Behind the wheel of the Ford, his cousin produced a hunk of cheese and half a loaf of crusty bread from a wrinkled napkin. The smell of ripe provolone thickened the night air.
“You got to eat now?” Benny demanded.
“I worked twelve hours today,” Nick said and held out a fistful of food. “You want some?”
“Jesus, Nick. No.” Benny waved the cheese stink away. “You sure Fisher works late every Friday, all by himself?”
Benny had asked the question a dozen times. The situation was too good, too easy.
“I told you. I seen the night watchman’s logs.”
“Dipping his hand into the petty cash?”
Nick grunted and chewed. “What else?”
Deputy foreman of the Lido Premium mill, Nick was a bull of a man, with shoulders that jutted like twin cliffs, hands the size of iceboxes, and a pumpkin head that sat directly on his shoulders. A frayed bandana was tied around the spot where his neck should be, distracting from a grease-stained canvas shirt, dirty dungarees, and the
steel toed boots he wore to the mill six days a week.

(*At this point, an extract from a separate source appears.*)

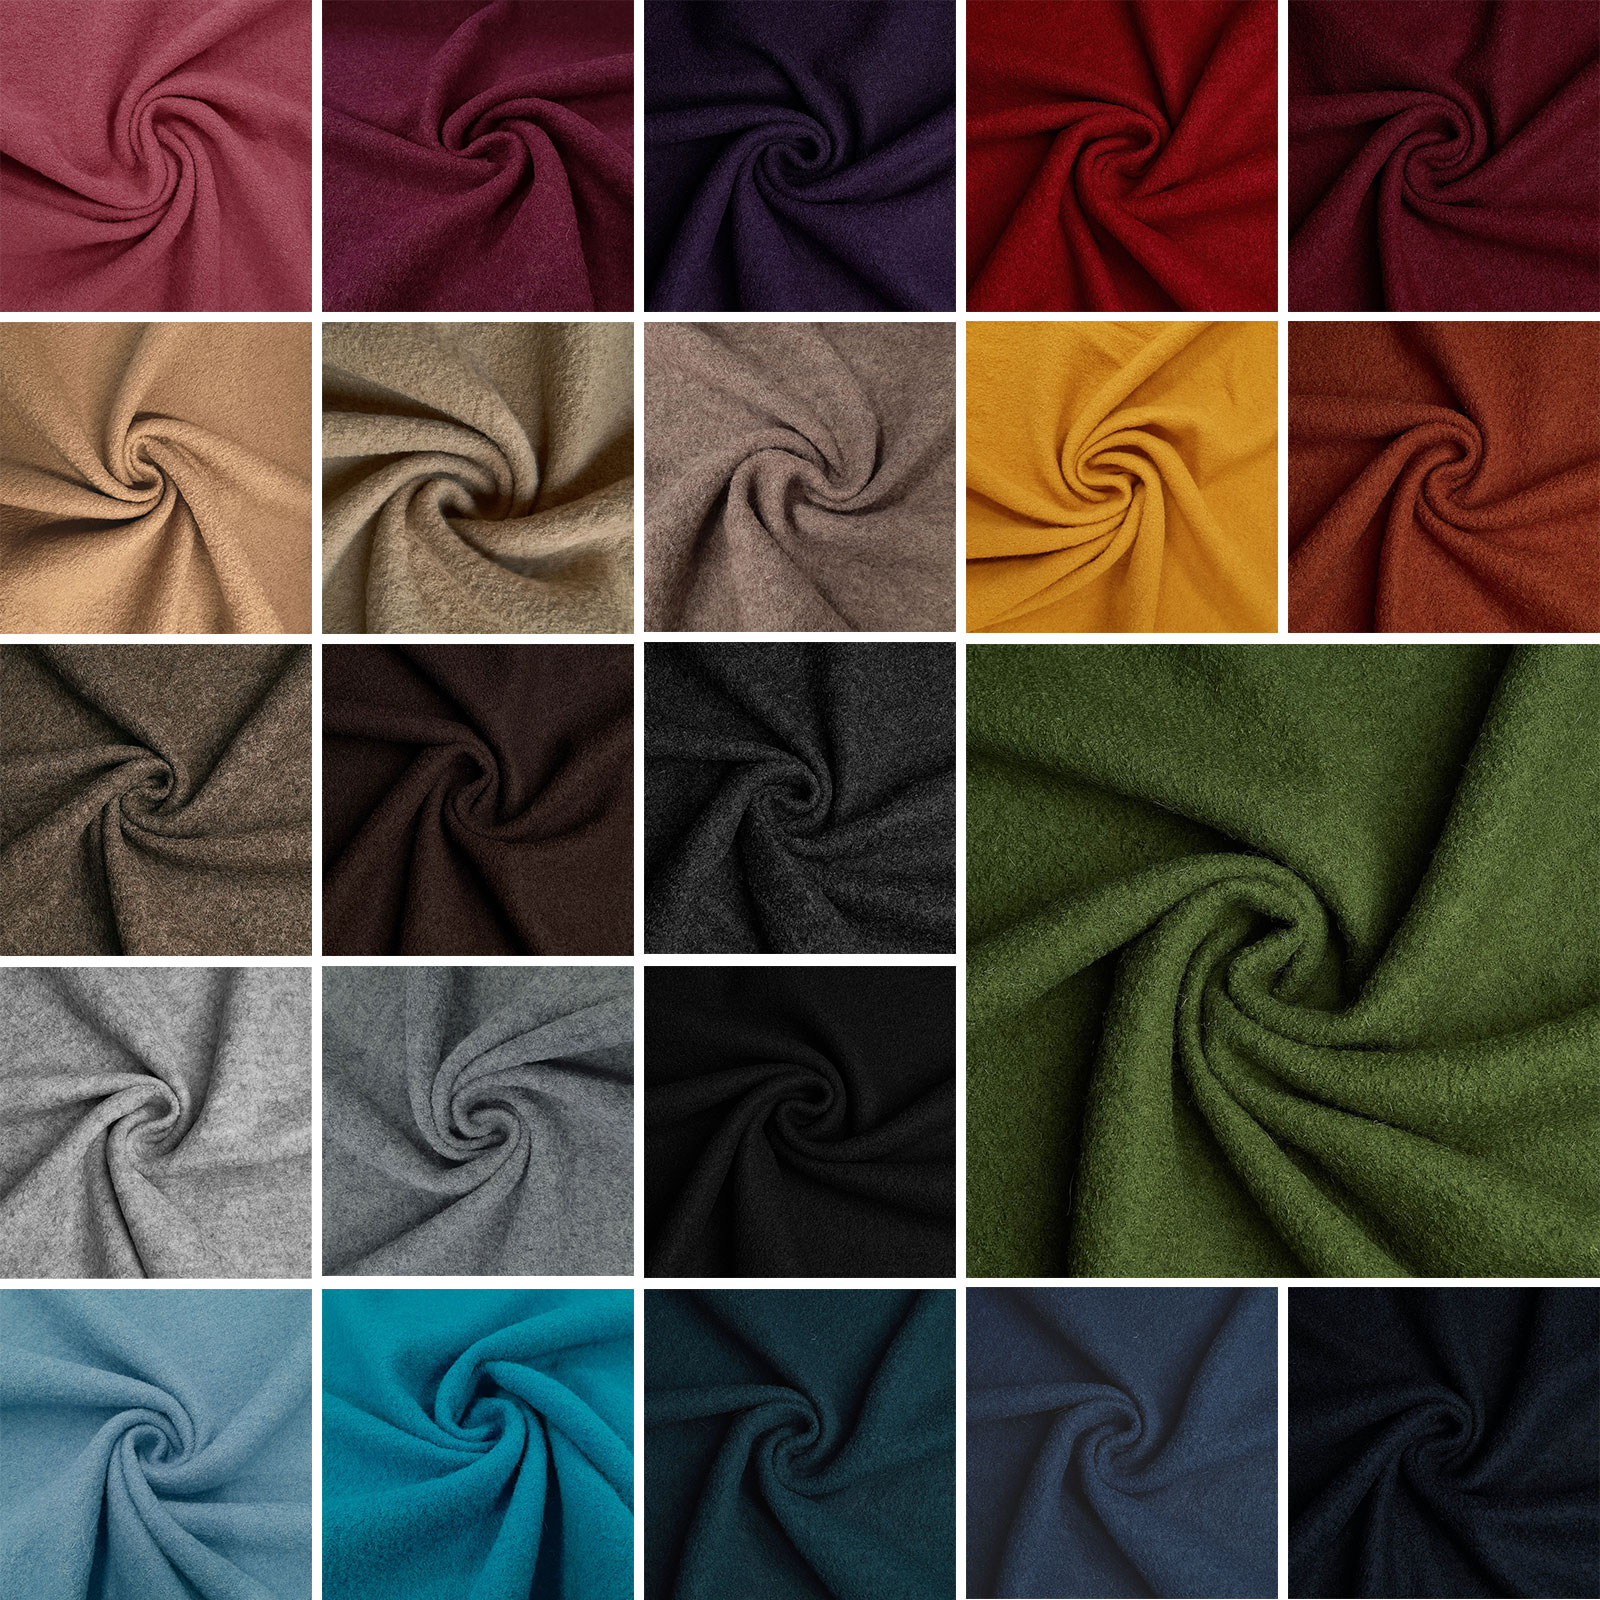 Fabian - Boiled Wool / Loden Fabric - 100% Virgin Wool

His cousin Nick might look like a roughneck and be saddled with a horse-faced wife and four snot-nosed kids, but he was smart enough. When Benny appeared on his doorstep, having fled Chicago one step ahead of Al Capone’s enforcer Frank Nitti and his trigger-happy torpedoes, Nick helped him put the plan together.
Not only that, but he identified this Fisher fella as somebody who could get his hands on some ready cash.